*THE TASK*:
Write out, word for word and with no pictures, each line below from the one containing "Hornsgatan 35 - Snart är sommaren här" through the one containing "Dỡ phong tỏa", both included, and no other line.

*EXCERPTED RECORDS*:
==========
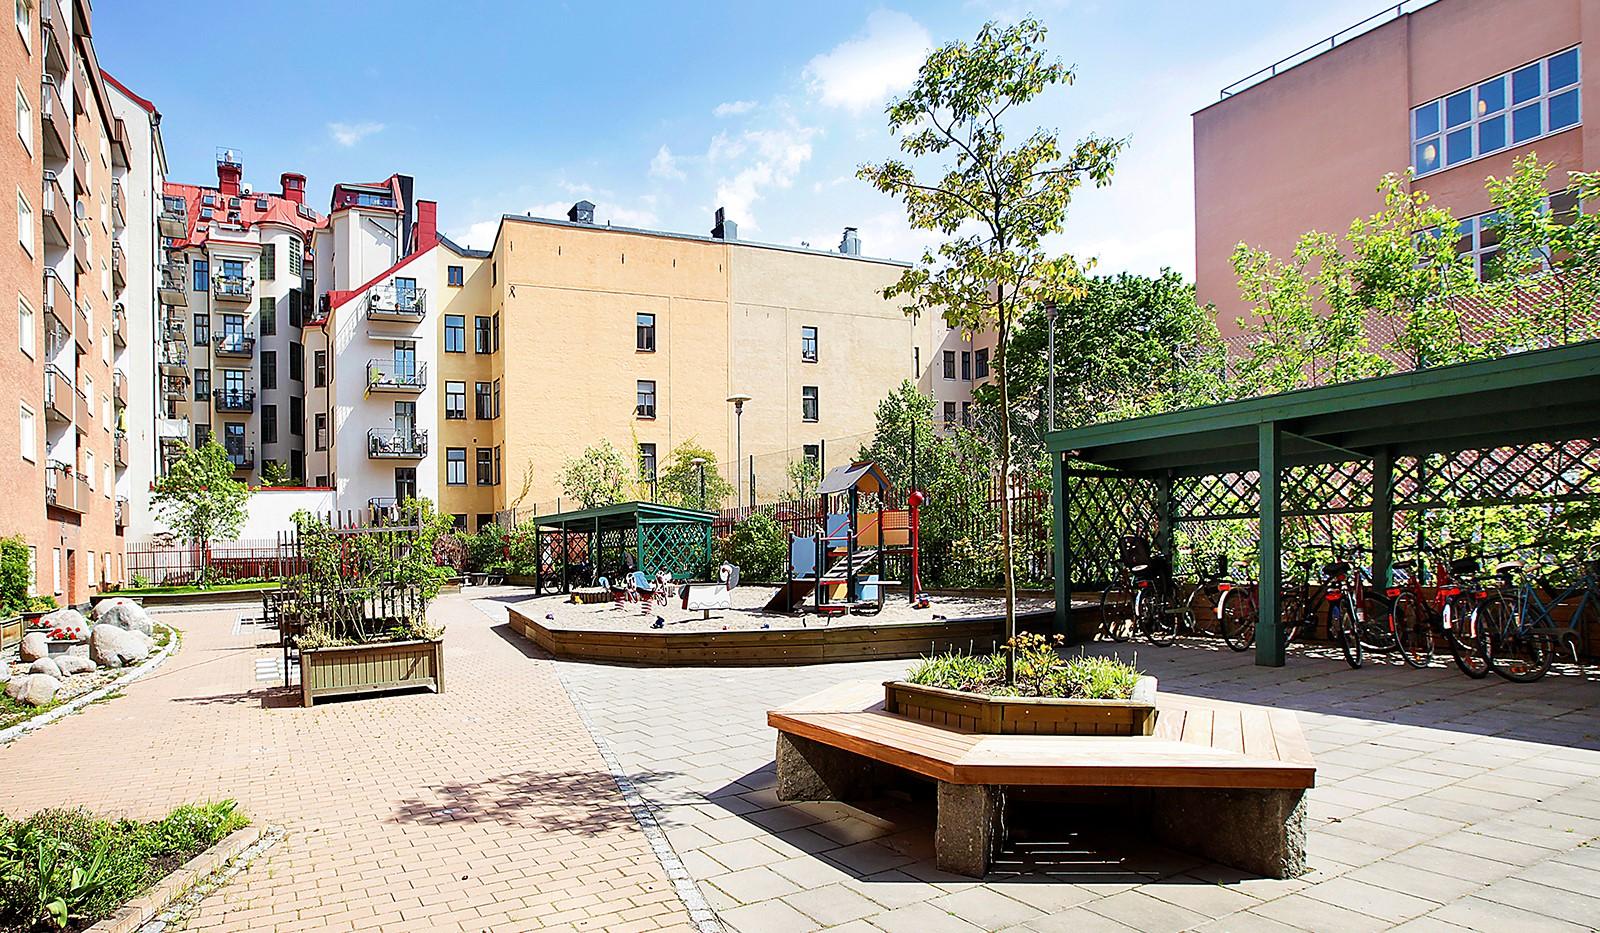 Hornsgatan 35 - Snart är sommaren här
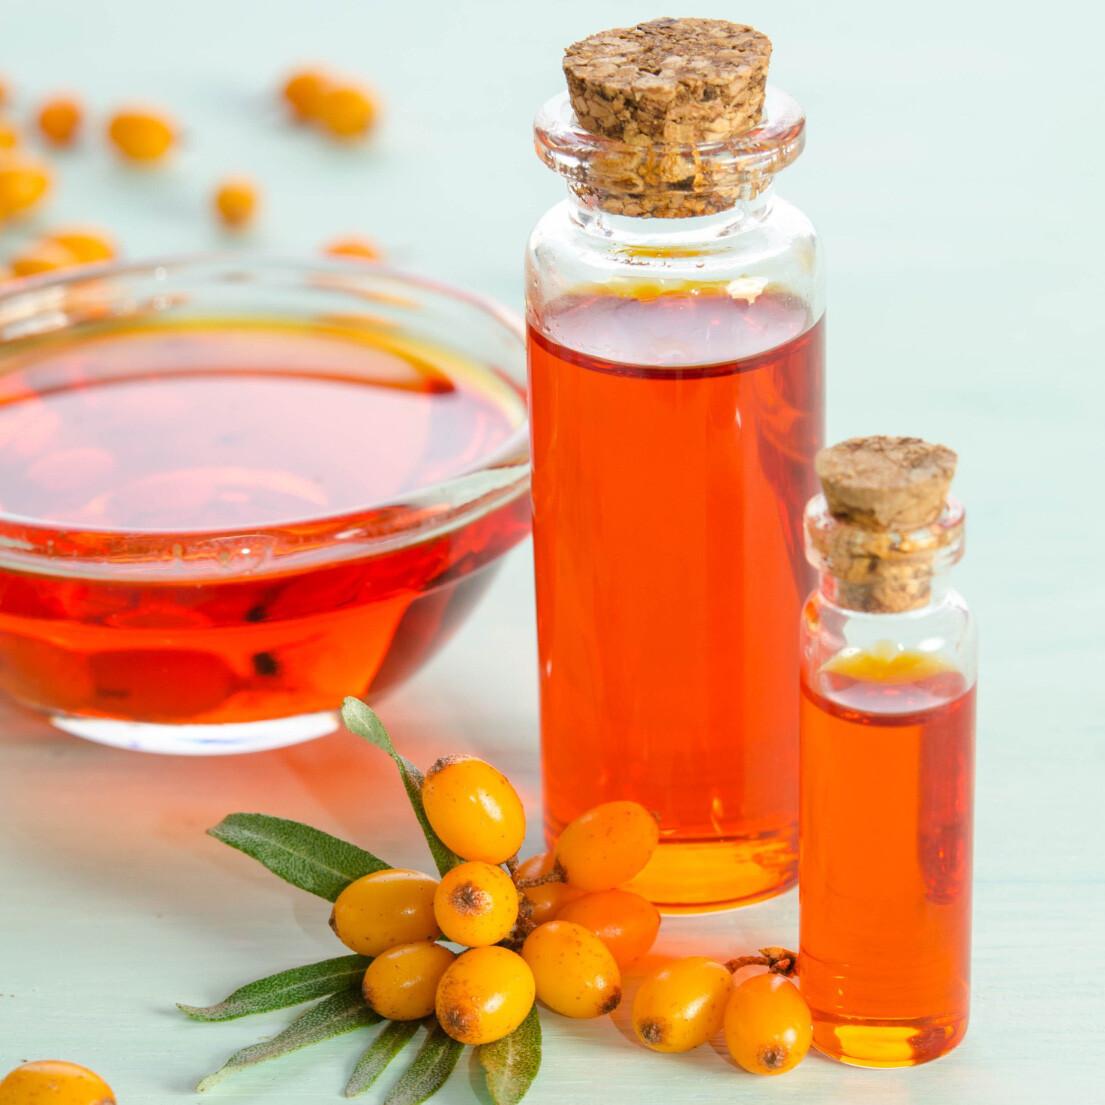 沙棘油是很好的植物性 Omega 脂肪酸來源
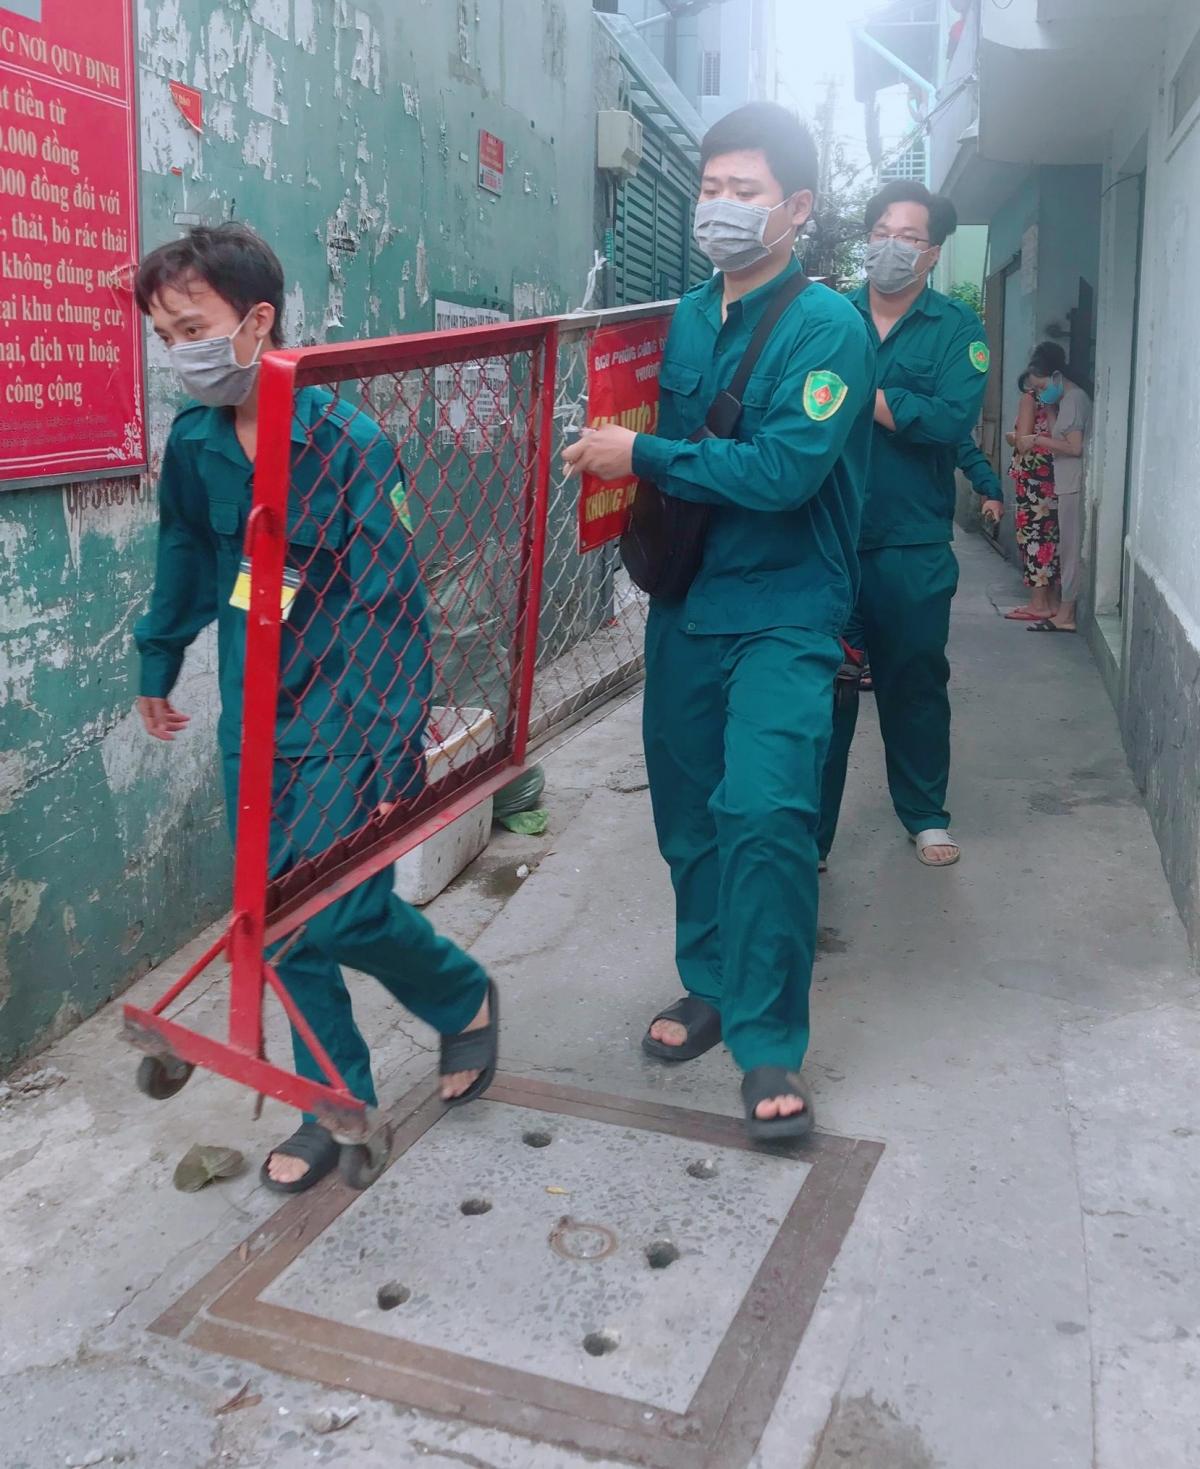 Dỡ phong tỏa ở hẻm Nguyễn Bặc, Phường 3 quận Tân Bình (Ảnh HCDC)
==========
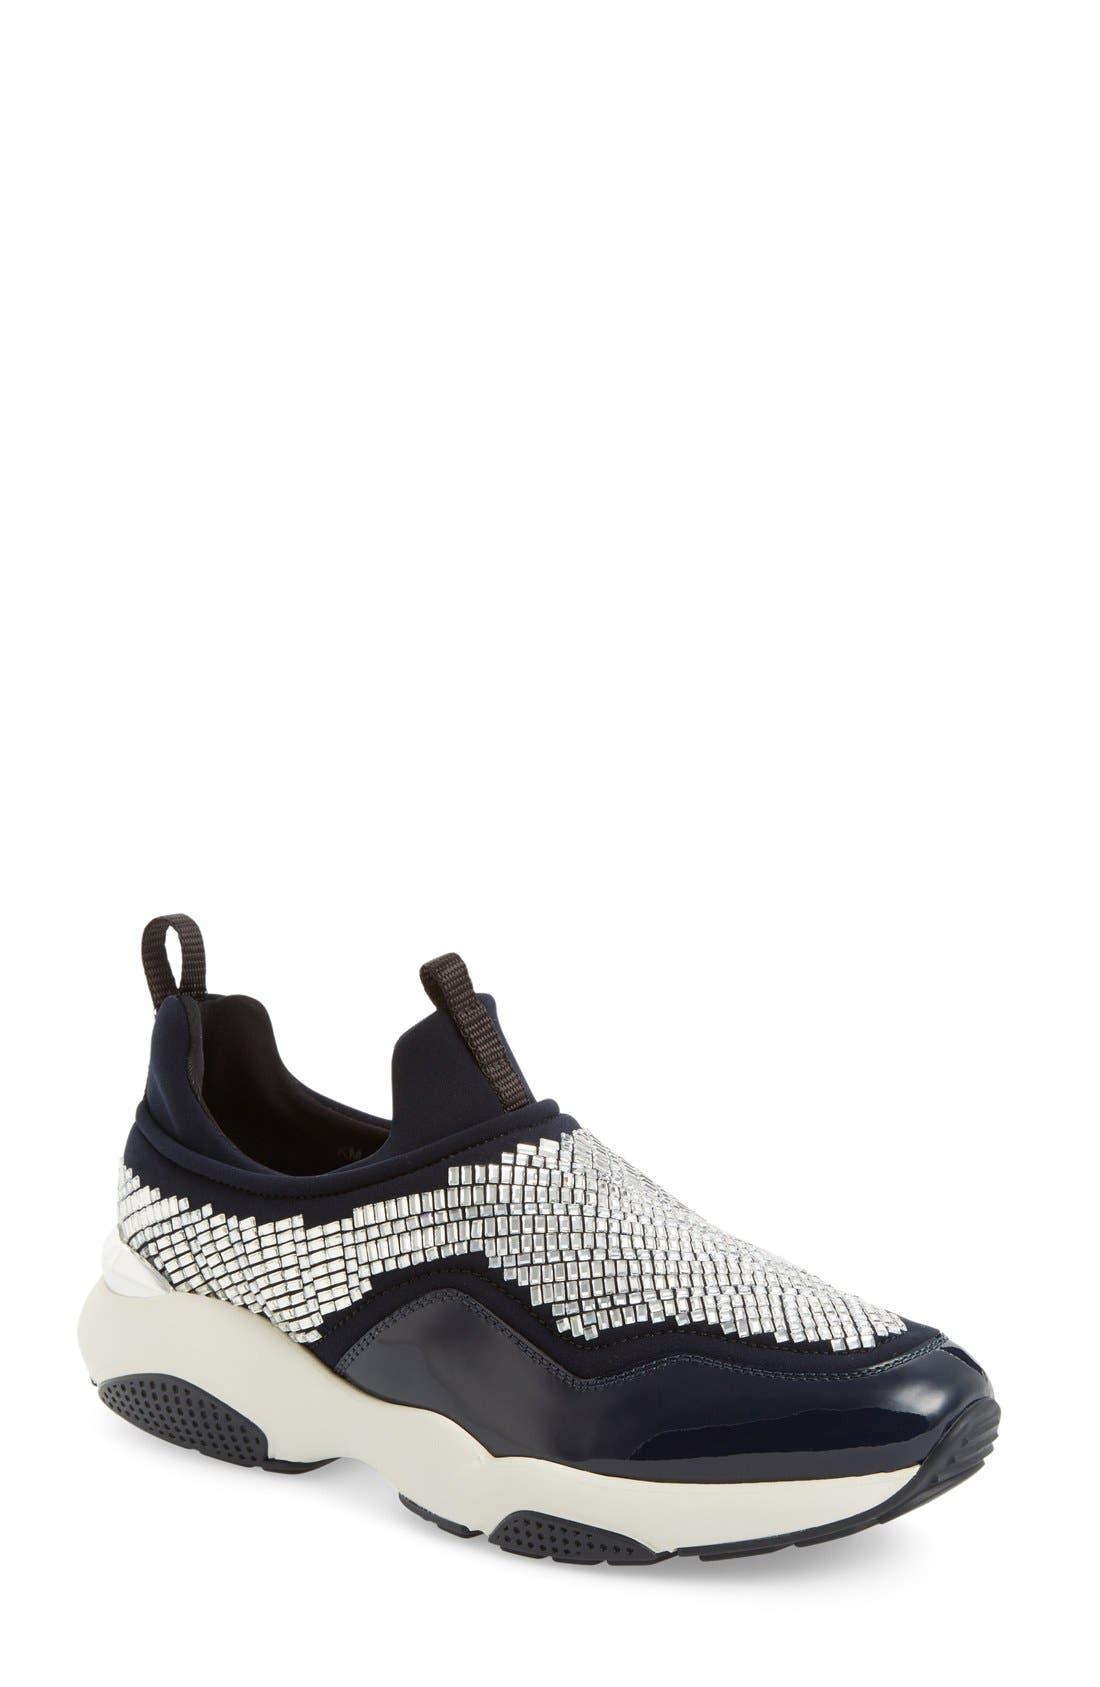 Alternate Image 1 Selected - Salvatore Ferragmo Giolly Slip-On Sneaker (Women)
==========
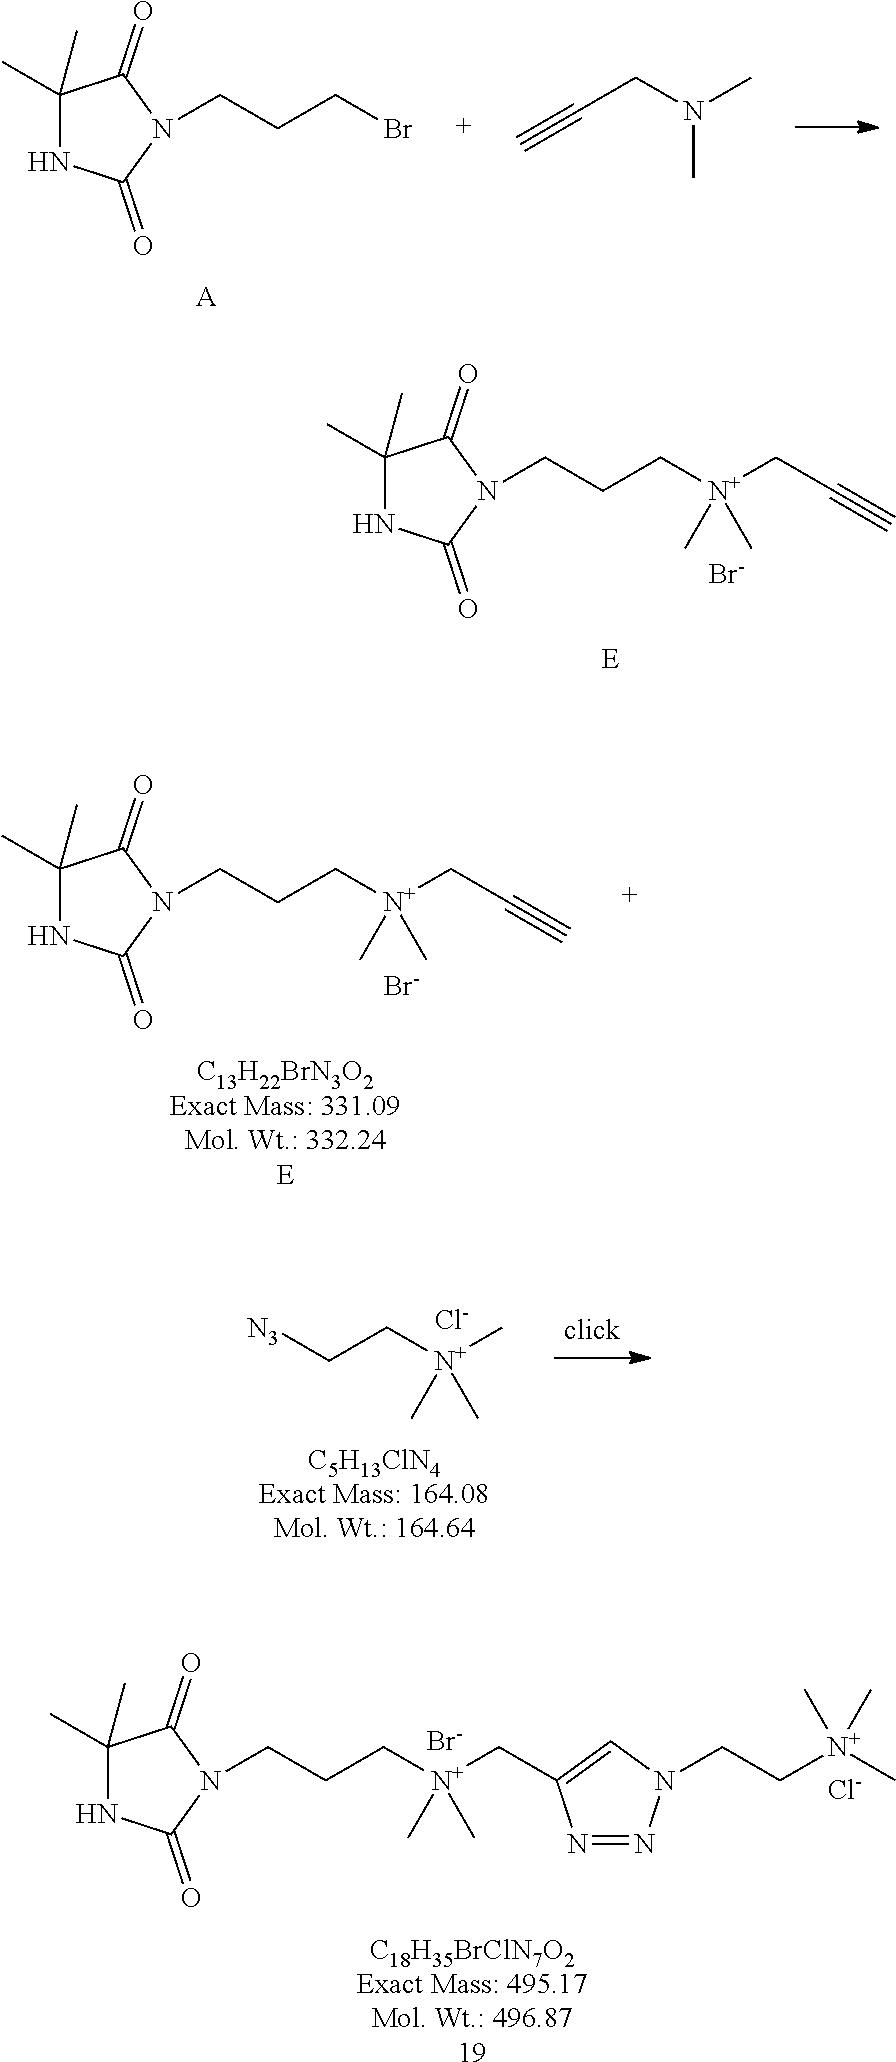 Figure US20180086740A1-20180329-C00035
==========
*SOLVED PROBLEM*:
 Hornsgatan 35 - Snart är sommaren här
 沙棘油是很好的植物性 Omega 脂肪酸來源
 Dỡ phong tỏa ở hẻm Nguyễn Bặc, Phường 3 quận Tân Bình (Ảnh HCDC)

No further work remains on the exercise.